Some academics are fond of arguing that the OECD abandoned the ALP in all bit name some time ago. So I wonder whether this is really a substantive change or just a rhetorical shift designed to underline that BEPS is a ‘radical rethink’.

Chris thinks that “[t]his is a clear indication that apportionment may be considered as the way to deal with high value intangibles.” It does seem to imply that the OECD may come more into line with the Chinese approach.

Tax reporting

Noting that “timely, comprehensive and relevant information on tax planning strategies is often unavailable to tax administrations”, the action plan proposes to:

Develop rules regarding transfer pricing documentation to enhance transparency for tax administration, taking into consideration the compliance costs for business. The rules to be developed will include a requirement that MNE’s provide all relevant governments with needed information on their global allocation of the income, economic activity and taxes paid among countries according to a common template.

Chris thinks that this is “very significant”, and that “business needs to develop a strategic response to the issue of transparency”. I think that it is worth considering in the context of the report to the OECD task force on tax and development last year [pdf], which outlined the information challenges faced by developing country tax authorities. The main value of a global report as proposed would be to give tax authority in country A some readily available information on a multinational’s operations in country B, if neither country is the head office. At the moment this is difficult to obtain, because the subsidiary in country A can’t be required to provide information on a sister company in country B, despite them being under common control. Tackling this problem through global documentation seems sensible.

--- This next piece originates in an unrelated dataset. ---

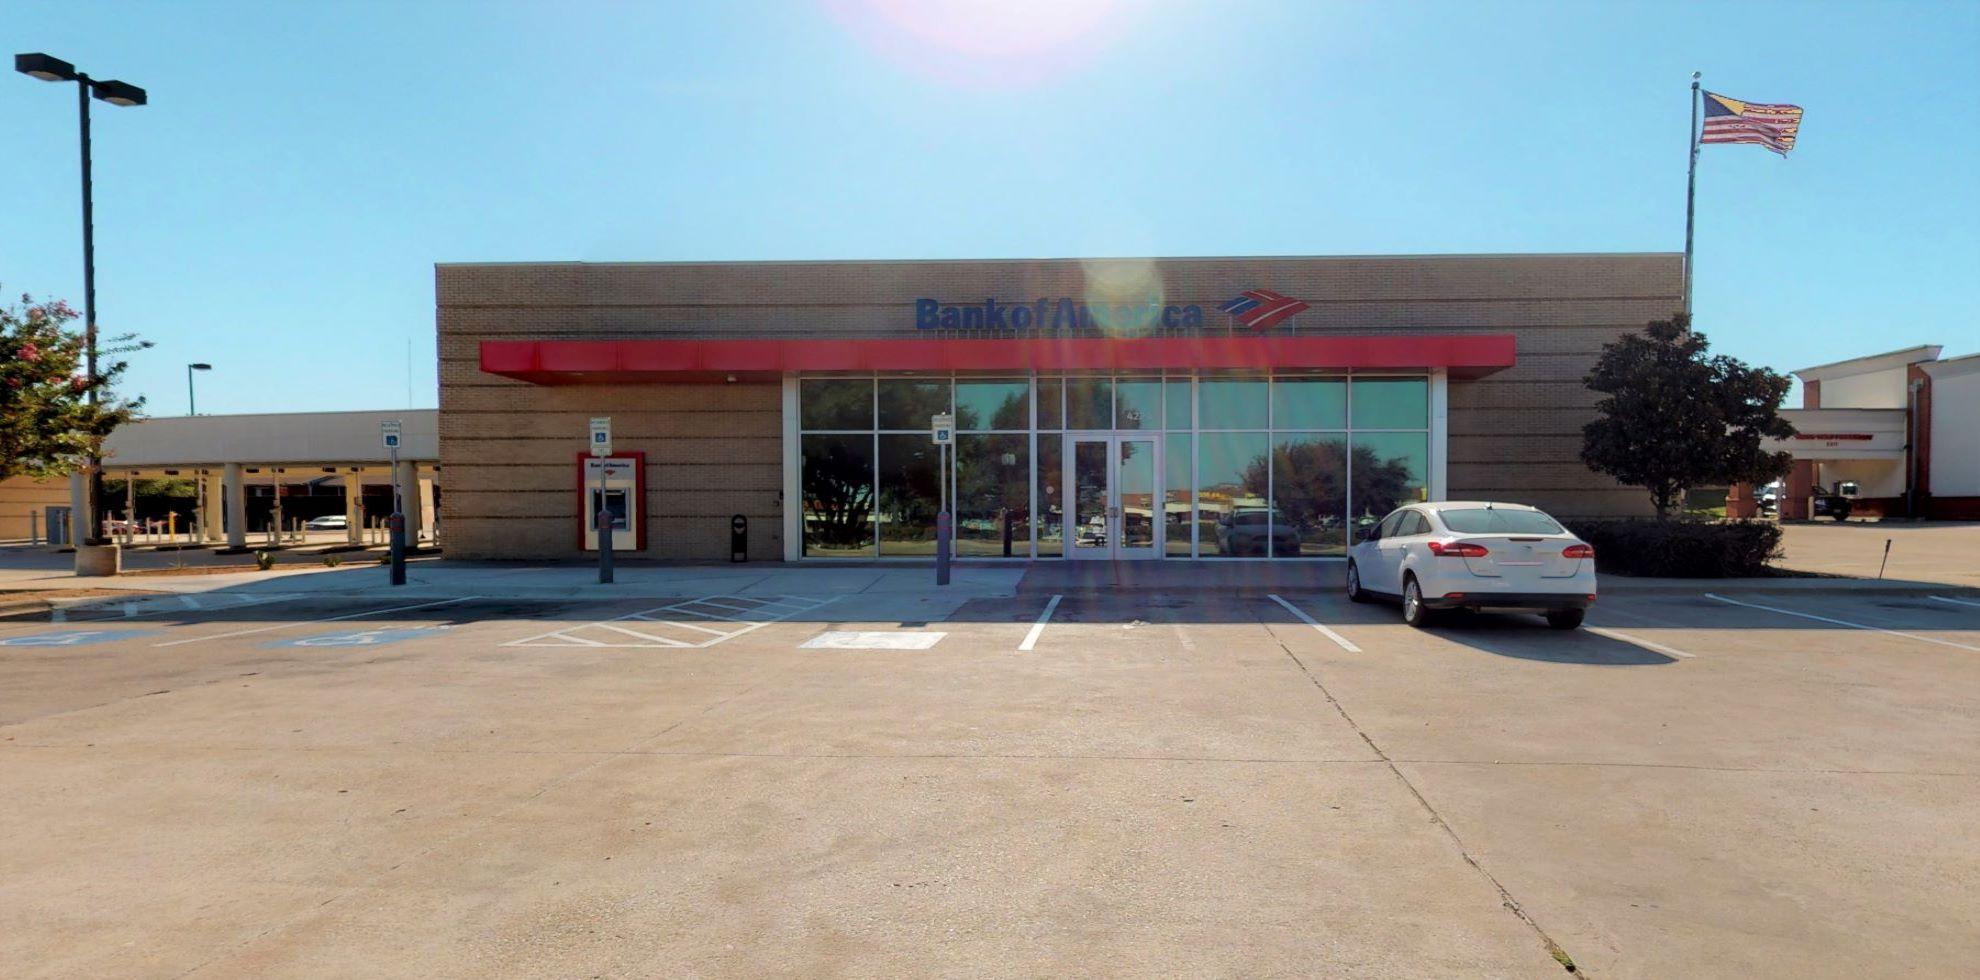 Bank of America financial center with drive-thru ATM and teller   4220 W Green Oaks Blvd, Arlington, TX 76016

A multilateral treaty and mandatory arbitration

I said when the original BEPS report came out that a multilateral treaty designed to update current treaties in one fell swoop has potential dangers for developing countries. They’re mostly excluded form the BEPS process, but a multilateral treaty could gain such momentum that it becomes obligatory for them to sign up, despite the difference of interests acknowledged by the existence of separate UN and OECD model bilateral treaties. The new UN tax committee‘s response to any multilateral treaty will surely be very significant.

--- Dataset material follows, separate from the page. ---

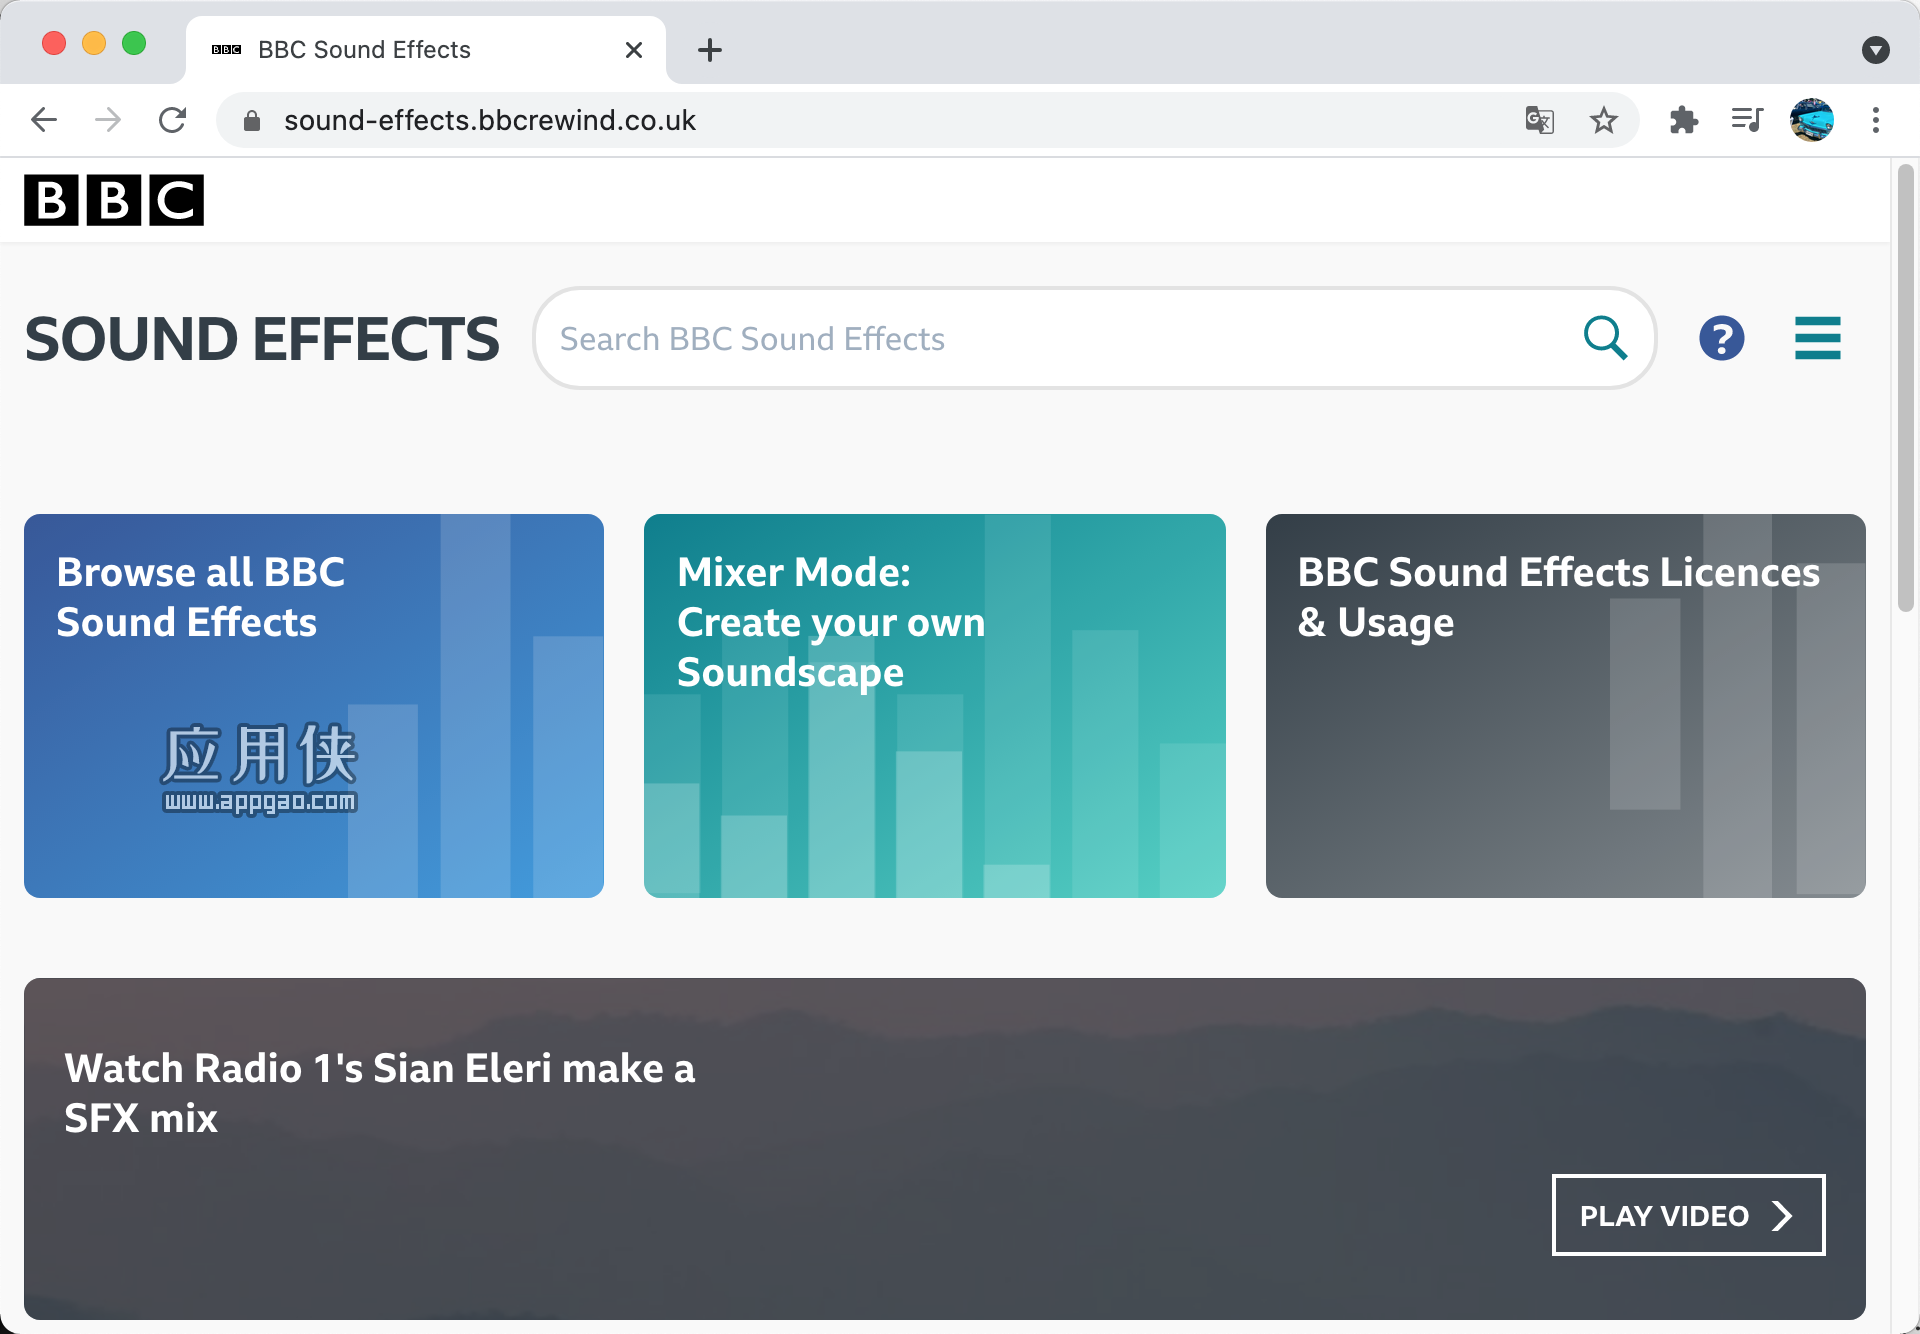 BBC Sound Effects - BBC 官方资源上万个音效素材免费下载

As an example, the Action Plan implies that one area for change is in the area of mutual agreement procedures (MAPs) and arbitration:

Develop solutions to address obstacles that prevent countries from solving treaty-related disputes under MAP, including the absence of arbitration provisions in most treaties and the fact that access to MAP and arbitration may be denied in certain cases.

Alison Christians has written about her concerns about this in the past. Experience with investment treaties shows that developing countries should be wary of mandatory arbitration, yet they may find themselves with little choice if this makes it into a multilateral treaty.

G20 versus OECD

The new model of G20-OECD cooperation is intriguing. The Action Plan explains it as follows:

interested G20 countries that are not members of the OECD will be invited to be part of the project as Associates, i.e. on an equal footing with OECD members (including at the level of the subsidiary bodies involved in the work on BEPS), and will be expected to associate themselves with the outcome of the BEPS Project.

The equal footing part is new and unusual, but that last clause means that countries who have got used to stating their difference of opinion with the OECD will presumably want to think carefully. I will be very interested to see which of the non-OECD G20 members take up this invitation.